Junfang Li (Jan 25, 2012)

(Joint with Pengfei Guan) In this talk, we will present a new type of mean curvature flow. For any closed star-shaped smooth hypersurface, this flow exists for all time t>0 and exponentially converges to a round sphere. Moreover, we will show that all the quermassintegrals evolve monotonically along this flow. Consequently, we prove a class of isoperimetric type of inequalities including the classical isoperimetric inequality on star-shaped domains. We will also present a fully non-linear parabolic equation of a function on the standard sphere and discuss its long-time existence and exponential convergence. As applications, we recover the well-known Alexandrov-Fenchel inequalities on bounded convex domains in Euclidean space.

Jiakun Liu (Feb 1, 2012)

The light reflection problem, due to its various applications, has been extensively studied by many mathematicians in recent years. In the special far field case, the light reflection is related to the reflector antenna design problem. Xu-Jia Wang showed that it is an optimal transportation, and so, is a linear optimization problem. In this talk, we study the general case of the light reflection problem, and show that it is related to a nonlinear optimization problem. This problem involves a fully nonlinear PDE of Monge-Ampere type, subject to a nonlinear boundary condition. If time permits, I will also briefly talk about some recent results on global regularity.

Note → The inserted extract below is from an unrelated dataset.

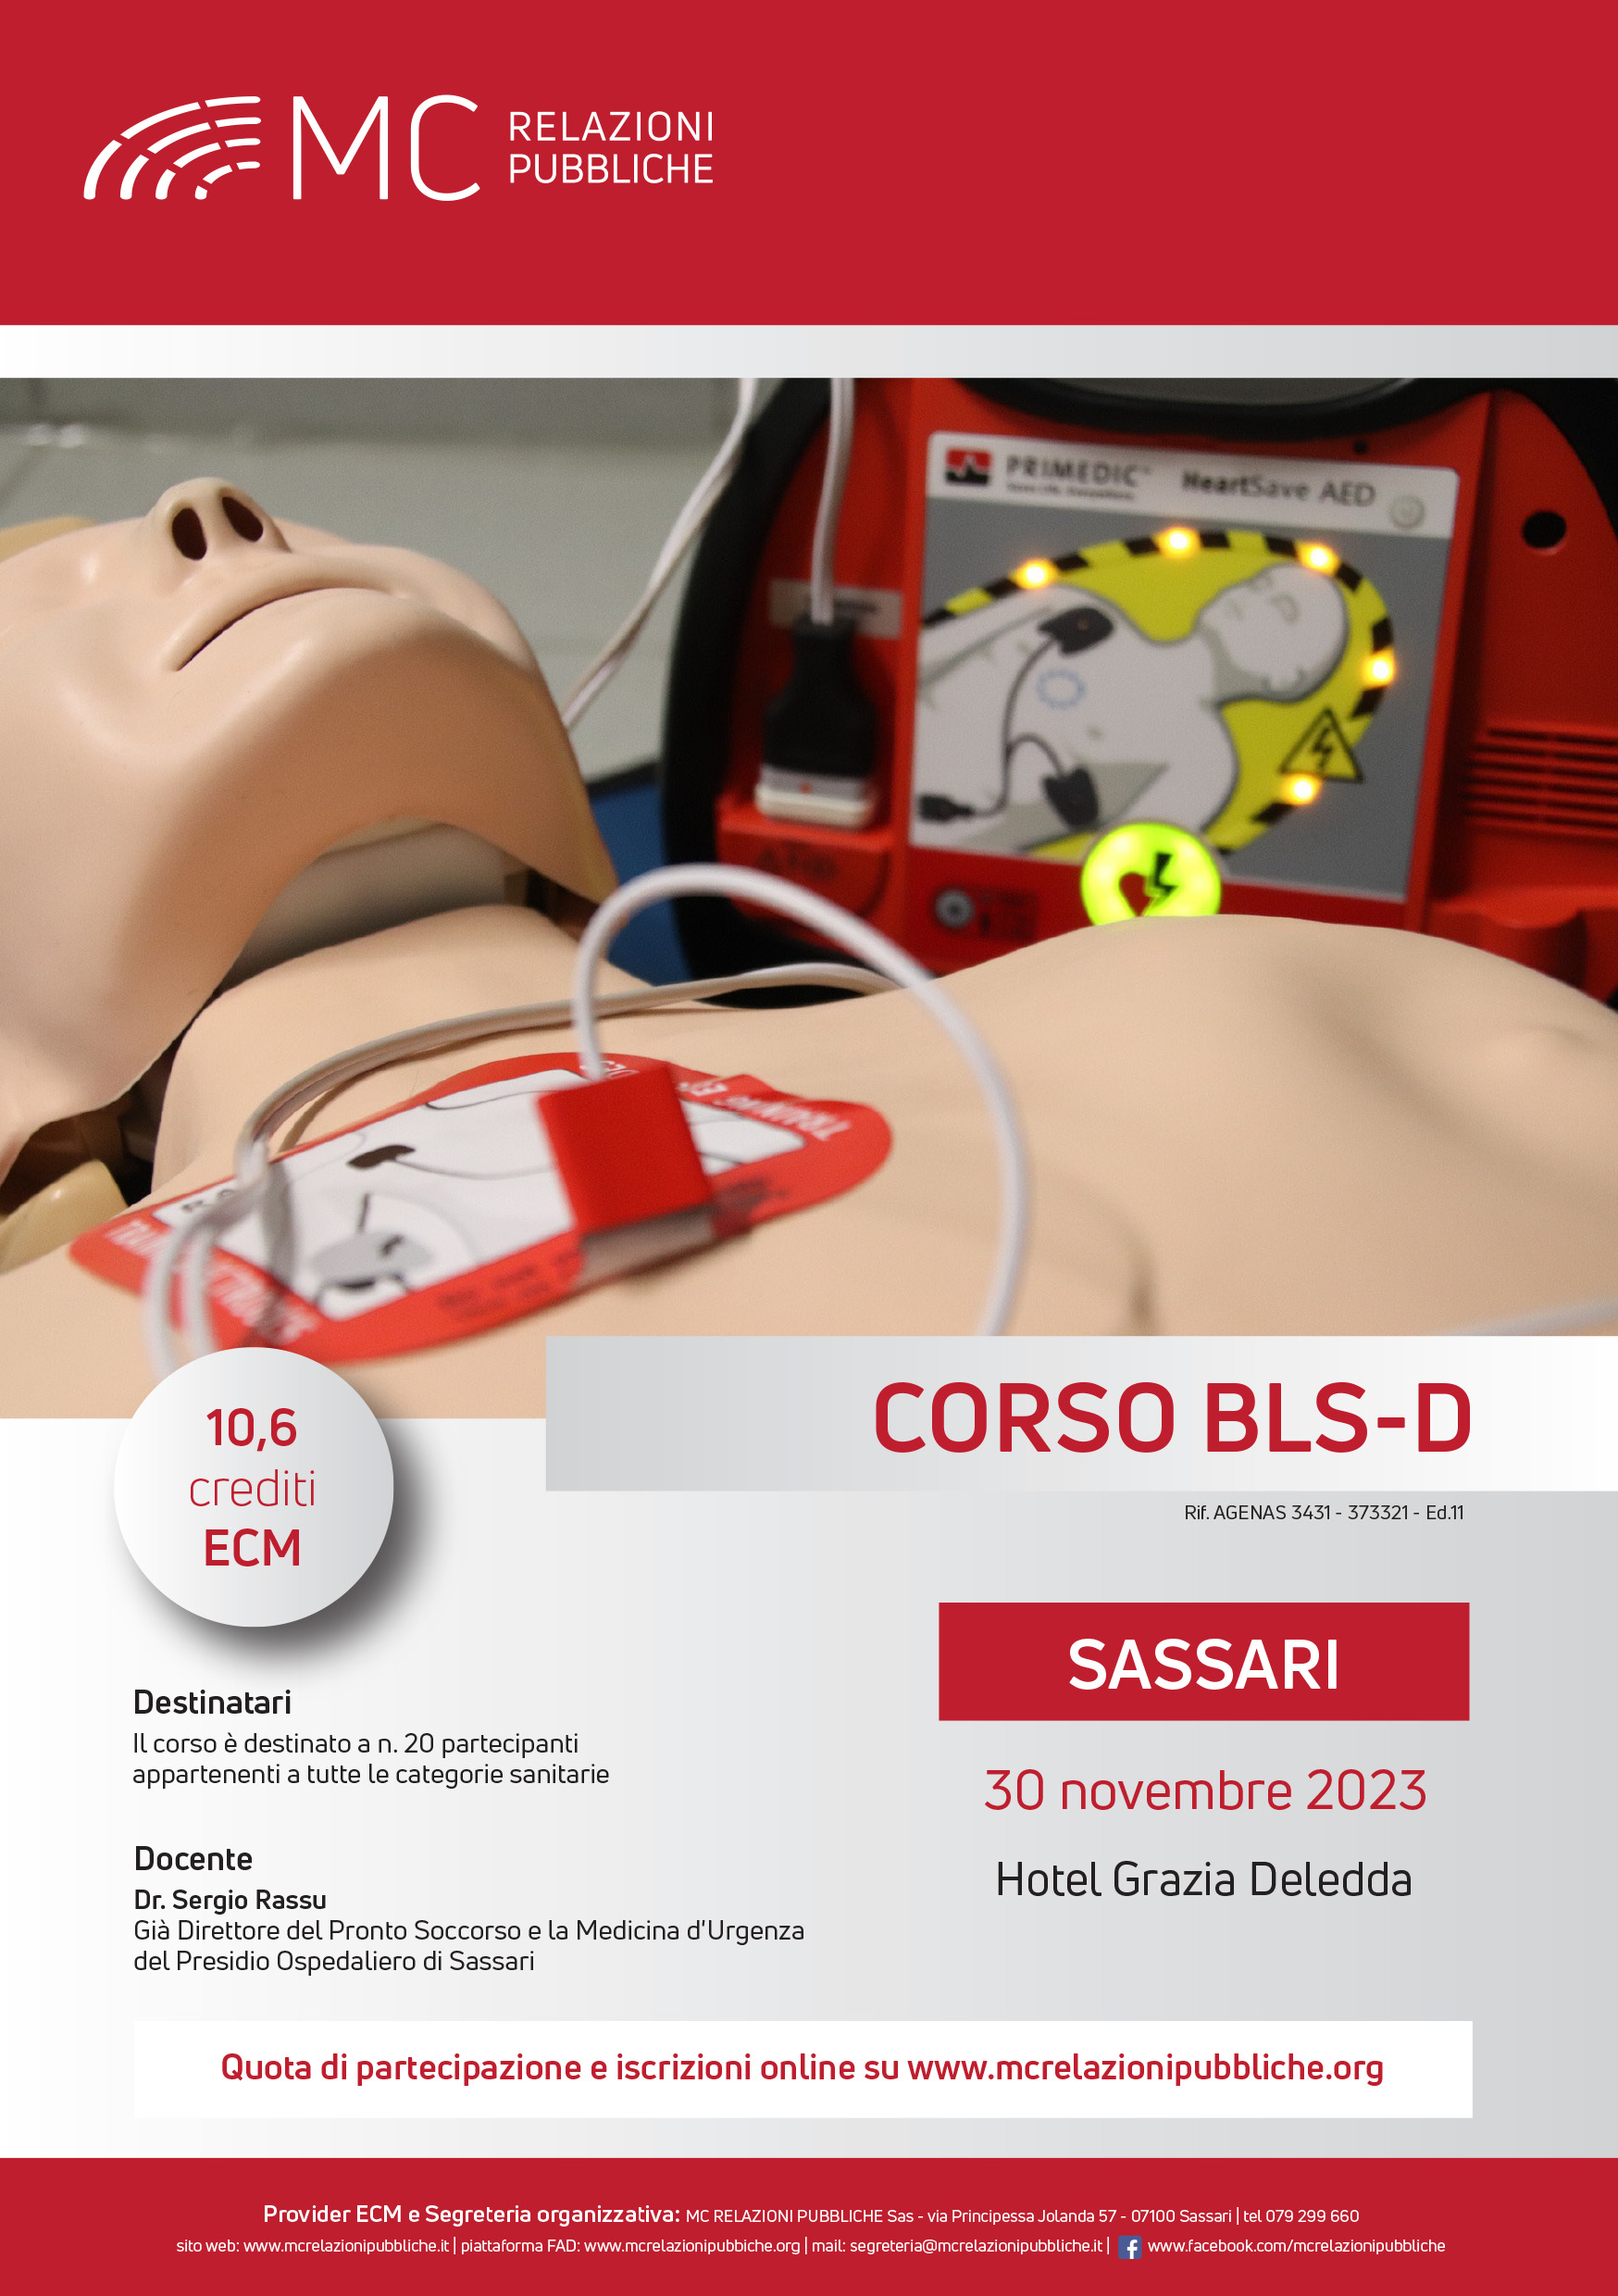 Corso BLS-D. Basic Life Support-Defibrillation - 30 novembre 2023
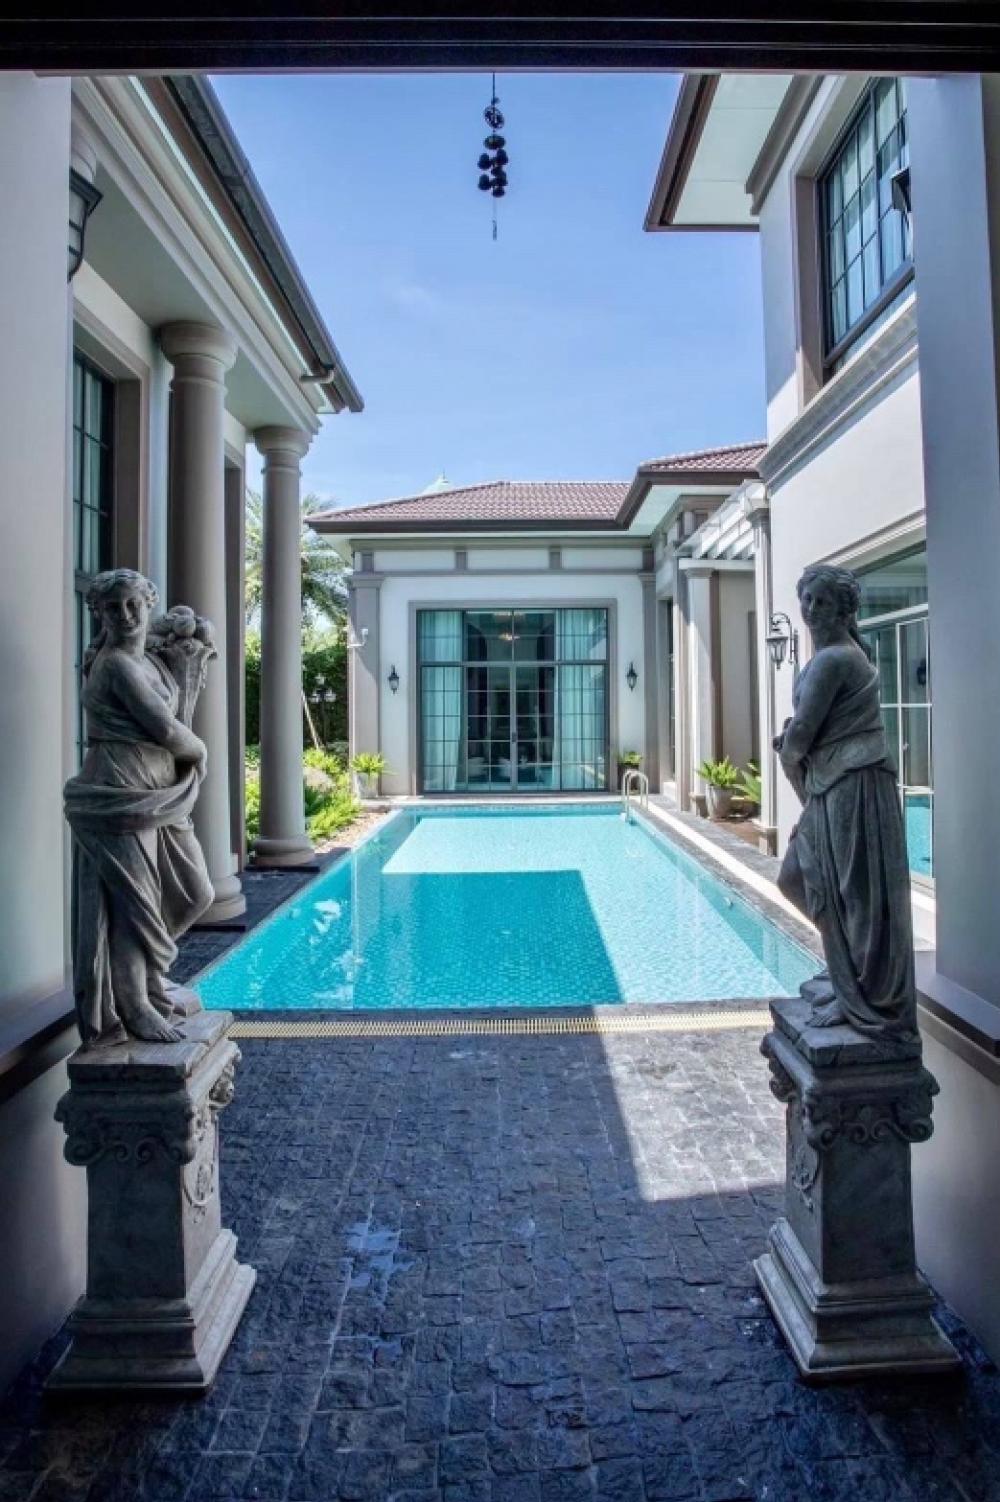 ขายบ้านพระราม 2 บางขุนเทียน : Selling : Ultra Luxury House with Private Pool , 5 Bed 6 Bath , 1 Living Room , 1 Working Space , 2 Maid Room , 5 Parking Lot 🔥🔥 Selling Price : 95,000,000 THB 🔥🔥#superluxuryhousebkk#Ultraluxurycondo #luxuryhousebangkok #superluxurycondoforsale #อสังหาริม

Emmanuele DiBenedetto (Feb 22, 2012)

The local positivity of solutions to logarithmically singular diffusion equations is investigated in some open space-time domain $E\times(0,T]$. It is shown that if at some time level $t_o\in(0,T]$ and some point $x_o\in E$ the solution $u(\cdot,t_o)$ is not identically zero in a neighborhood of $x_o$, in a measure-theoretical sense, then it is strictly positive in a neighborhood of $\pto$. The precise form of this statement is by an intrinsic Harnack-type inequality, which also determines the size of such a neighborhood.

Dehua Wang (Apr 11, 2012)

The multi-dimensional incompressible and compressible flows of nematic liquid crystals will be discussed. Some recent results of existence of global weak and strong solutions as well as the incompressible limits will be presented.